--- Source data ---

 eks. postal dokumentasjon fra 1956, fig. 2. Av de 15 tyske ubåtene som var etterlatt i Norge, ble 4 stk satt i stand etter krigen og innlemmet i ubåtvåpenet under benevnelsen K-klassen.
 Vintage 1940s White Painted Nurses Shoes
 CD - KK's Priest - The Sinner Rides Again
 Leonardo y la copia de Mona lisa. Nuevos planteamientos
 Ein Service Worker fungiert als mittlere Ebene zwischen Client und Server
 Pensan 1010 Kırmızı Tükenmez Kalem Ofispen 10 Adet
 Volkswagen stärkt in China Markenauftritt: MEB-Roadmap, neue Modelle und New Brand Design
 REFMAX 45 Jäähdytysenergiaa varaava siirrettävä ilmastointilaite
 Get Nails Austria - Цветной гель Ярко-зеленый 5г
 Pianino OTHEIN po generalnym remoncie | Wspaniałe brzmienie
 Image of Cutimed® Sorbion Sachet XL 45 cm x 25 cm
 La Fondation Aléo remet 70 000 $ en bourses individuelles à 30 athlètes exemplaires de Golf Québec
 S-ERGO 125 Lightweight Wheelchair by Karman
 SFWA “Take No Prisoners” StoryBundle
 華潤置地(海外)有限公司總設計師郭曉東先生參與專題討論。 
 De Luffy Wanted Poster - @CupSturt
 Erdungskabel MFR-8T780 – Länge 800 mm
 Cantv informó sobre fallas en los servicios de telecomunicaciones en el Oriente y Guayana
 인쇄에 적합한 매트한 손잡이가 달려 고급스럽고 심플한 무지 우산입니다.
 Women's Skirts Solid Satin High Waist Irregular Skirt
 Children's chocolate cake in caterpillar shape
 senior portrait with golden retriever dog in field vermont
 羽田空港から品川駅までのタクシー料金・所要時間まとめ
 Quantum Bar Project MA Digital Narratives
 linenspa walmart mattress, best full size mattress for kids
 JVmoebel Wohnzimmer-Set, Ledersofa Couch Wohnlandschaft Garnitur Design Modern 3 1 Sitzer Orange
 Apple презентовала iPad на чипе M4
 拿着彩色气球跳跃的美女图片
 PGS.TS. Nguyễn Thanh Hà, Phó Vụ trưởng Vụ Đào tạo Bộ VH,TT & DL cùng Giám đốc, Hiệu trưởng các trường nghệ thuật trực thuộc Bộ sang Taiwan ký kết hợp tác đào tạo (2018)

--- To do ---
Which lines in the records above include the word "Design"? Copy them out.

--- Exercise result ---
 Volkswagen stärkt in China Markenauftritt: MEB-Roadmap, neue Modelle und New Brand Design
 JVmoebel Wohnzimmer-Set, Ledersofa Couch Wohnlandschaft Garnitur Design Modern 3 1 Sitzer Orange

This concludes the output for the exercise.